Methodology: Cloud-based analysis of new remote sensing products will allow us to better distinguish tropical dry forests from savannas, and to successfully map the distribution of dry forest across the tropics (Q1, Q2, Q3). The proposed project will leverage optical satellite imagery and phenology measures, such as NDVI and EVI, from the Sentinel-2 satellite, fire products from MODIS and data from the Global Ecosystem Dynamics Investigation (GEDI) and other spaceborne LiDAR instruments to distinguish tropical dry forests from savanna (Q1, Q2). The latter data products will be used to map maximum canopy height and percent canopy cover in 20m pixels across the dry tropics, which will in turn allow estimation of above-ground biomass and its change from the mid-2000s to the present (Q3). The project will depend on ground-truthed mapping of tropical dry forests versus savannas (Miranda, Dexter et al. 2018) (Q1), and a dataset of canopy height, tree density and above-ground biomass from >2000 plots in tropical dry forests and savannas that is being assembled by the supervisors as part of a recently funded NERC Large Grant (Q3). Artificial intelligence (AI) and machine learning approaches will be used to build statistical models that relate ground-truthed information to EO data and enable wall-to-wall mapping (Q1,Q2). The latter will rely on expertise from 2nd supervisor Armston.

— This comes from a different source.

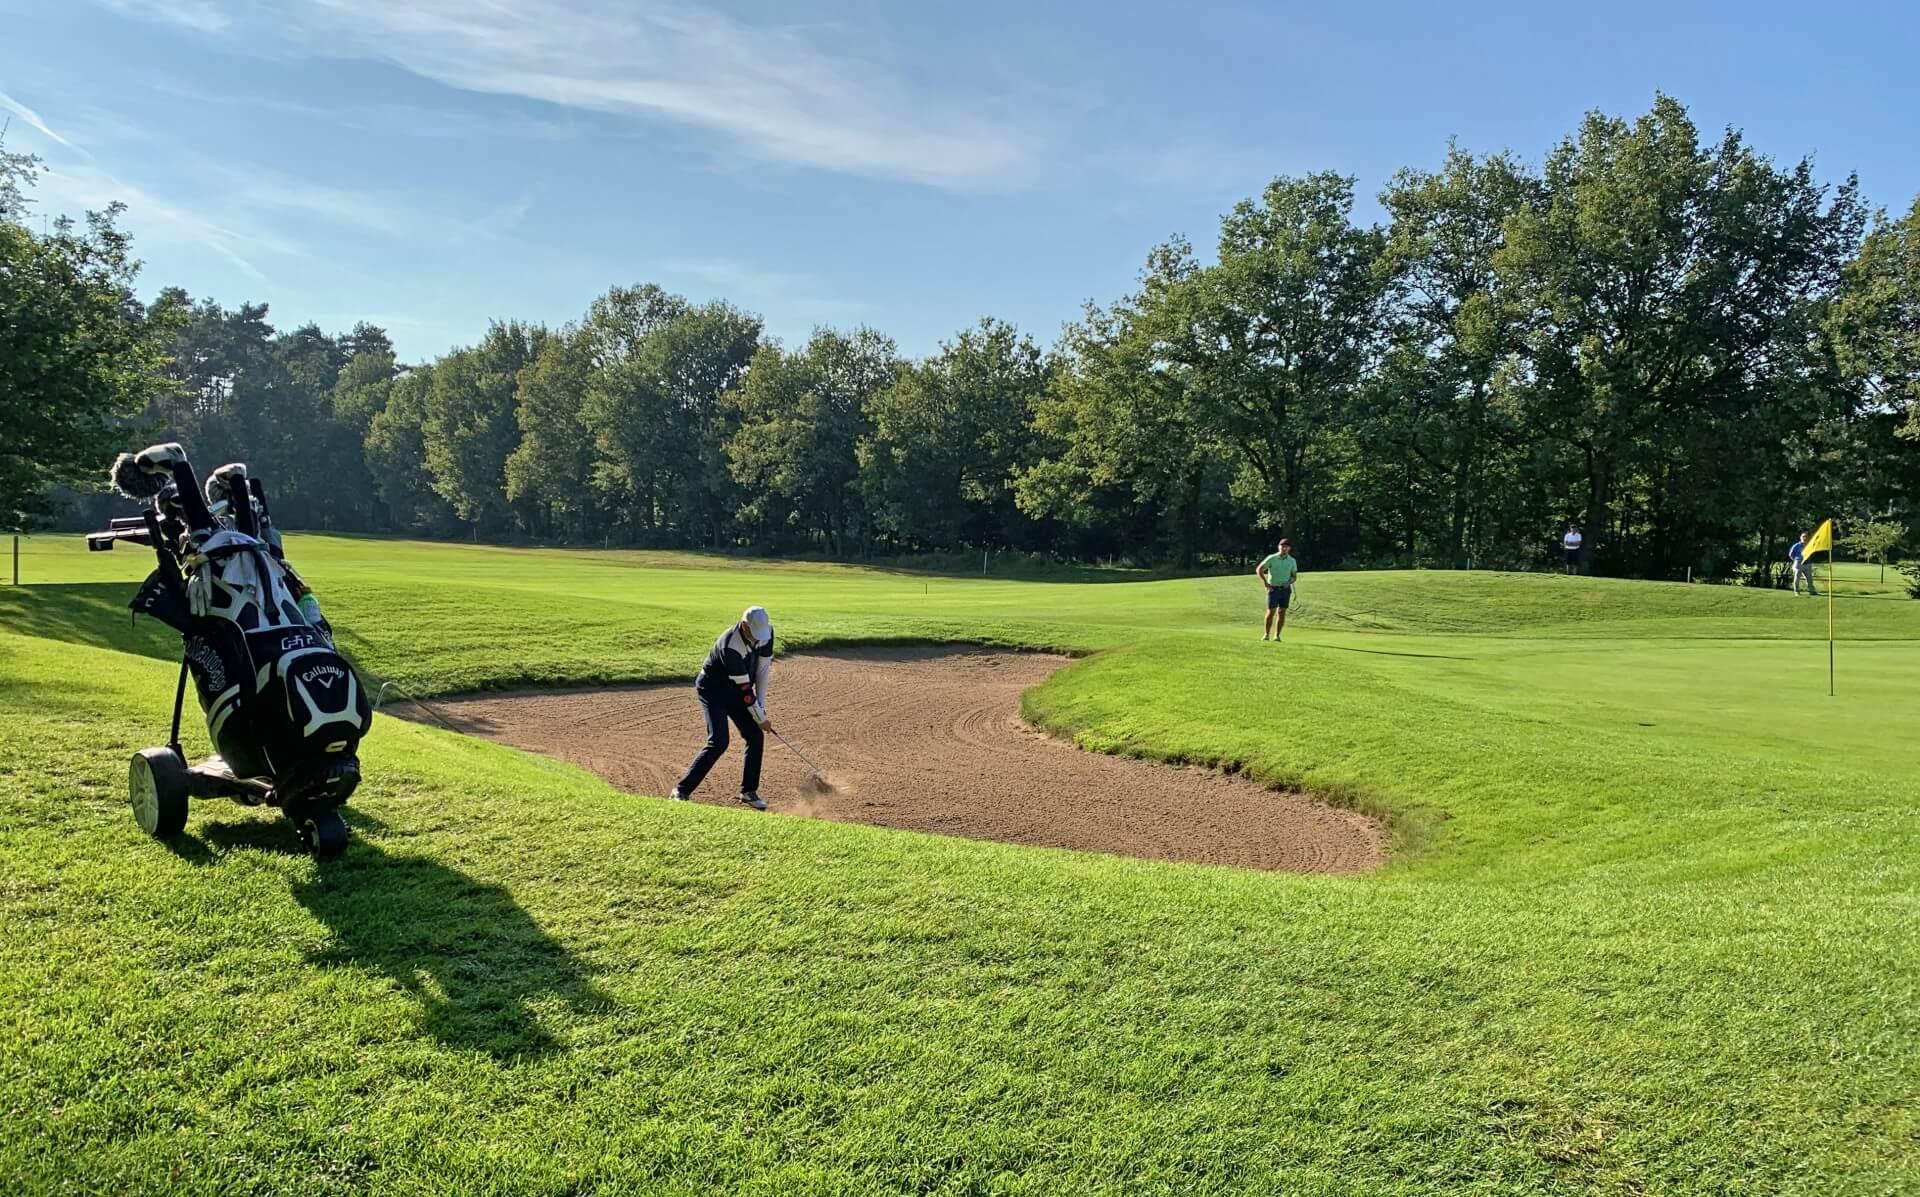 https://golfclub-peckeloh.de/wp-content/uploads/2021/09/2021_Letzter_Bunkerschlag_neuen_Clubmeister_GMS.jpg
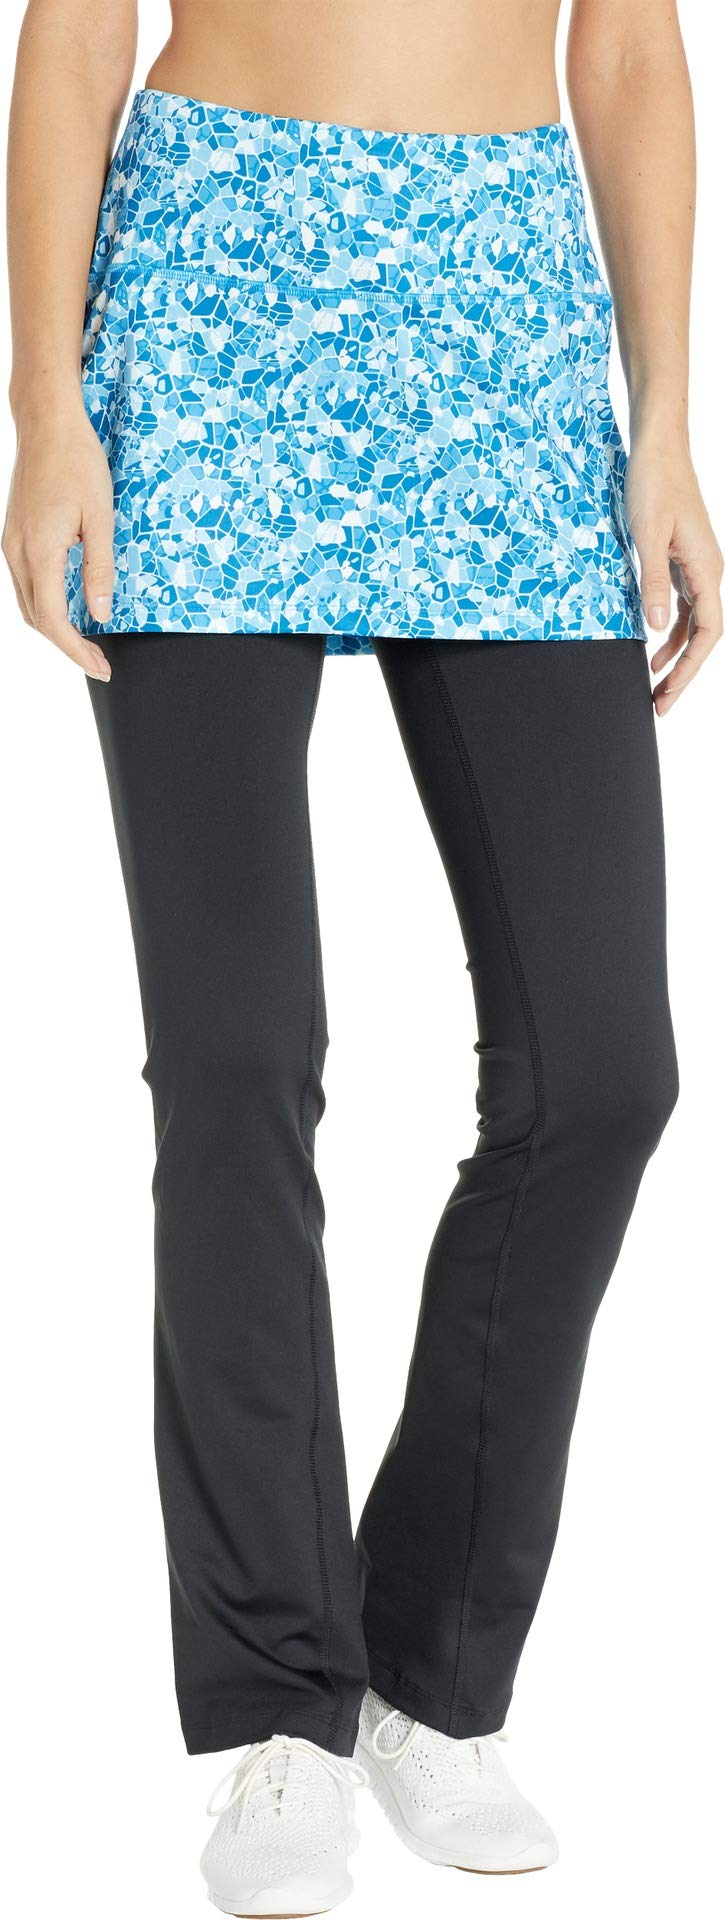 Skirt Sports Women's Tough Girl Skirt with Drawcord

References: Beuchle et al. 2015. Land cover changes in the Brazilian Cerrado and Caatinga biomes from 1990 to 2010 based on a systematic remote sensing sampling approach. Appl. Geogr.; Dexter et al. 2018. Inserting tropical dry forests into the discussion on biome transitions in the tropics. Front. Ecol. & Evol.; Miranda et al. 2018. Using tree species inventories to map biomes and their climatic overlaps in lowland tropical South America. Glob Ecol Biogeogr.